Performance Monitoring

• The project includes performance fixtures to measure CPU and memory usage as well as execution time for various operations. This helps identify potential performance bottlenecks and optimize resource utilization.

Improved Data Fetching Performance

• Initial Version: The first version of the project took approximately 270 seconds to fetch data for 100 movies from external sources during database initialization.

• Optimized Version: After implementing parallel request optimization, the data fetching time for the same 100 movies was reduced to approximately 25 seconds. This significant improvement in performance enhances the overall efficiency of the application and improves the user experience.

Benchmarking

• Benchmarking script is implemented to measure the API response performance and evaluate the effects of the implemented cache system. This allows for continuous performance monitoring and optimization to ensure optimal API responsiveness.

• Cache Off:
  Average response time for /movies endpoint : ~0.014 seconds.
  Average response time for /movie/The Wonderful World of Disney: 40 Years of Television Magic : ~0.013 seconds.

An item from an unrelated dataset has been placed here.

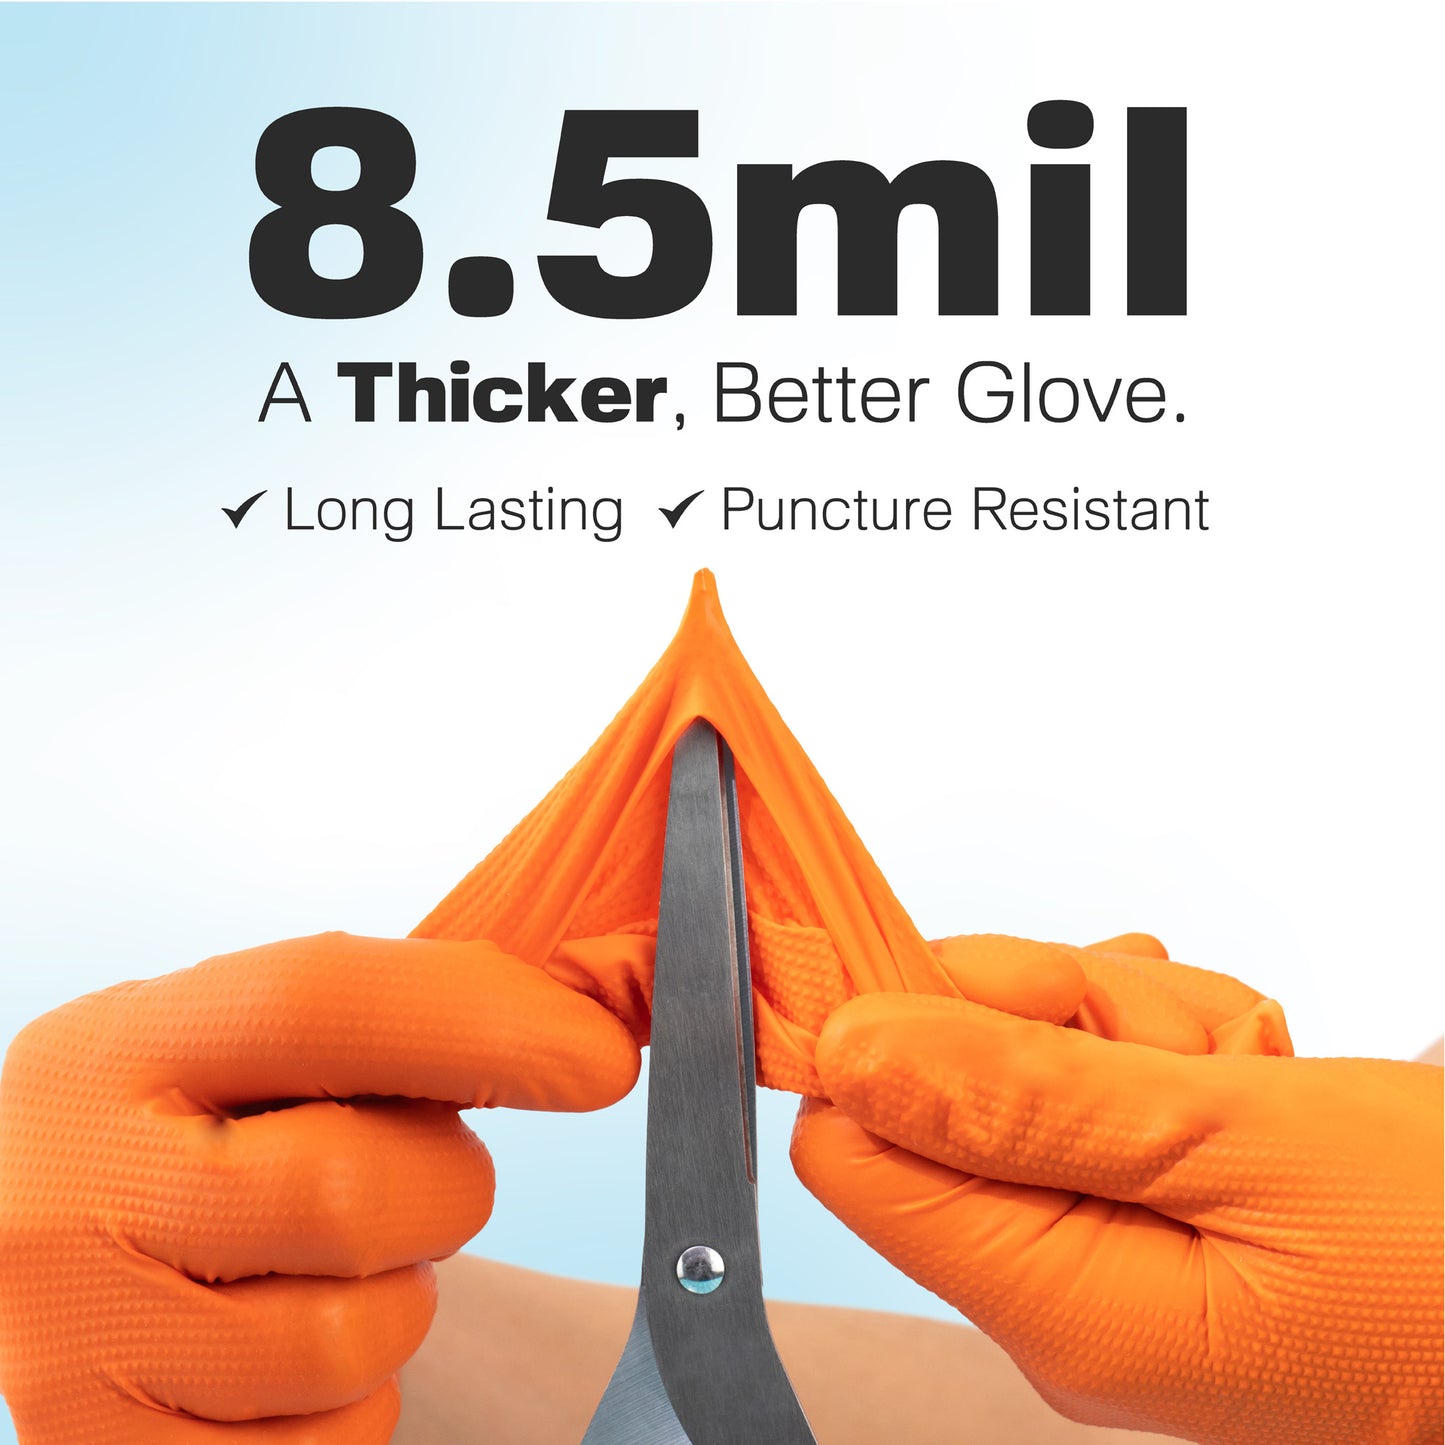 8.5mil Orange Nitrile Gloves

• Cache On: Average response time for /movies endpoint : ~0.0024 seconds.
  Average response time for /movie/The Wonderful World of Disney: 40 Years of Television Magic : ~0.0015 seconds.

/movies response is ~5.8x faster with caching. /movies/{movie_title}: response is ~8.7x faster with caching.

Authorization for Movie Deletion

• Authorization using an API key is required for deleting movies. This security measure ensures that only authorized users can perform sensitive operations, enhancing the security of the application.

SIMPLIFICATIONS

• External OMDb Api Key kept in data_fetcher config json file.
• MoviesAPI Api Key validation hardcoded. Valid api keys should be kept encoded in a database.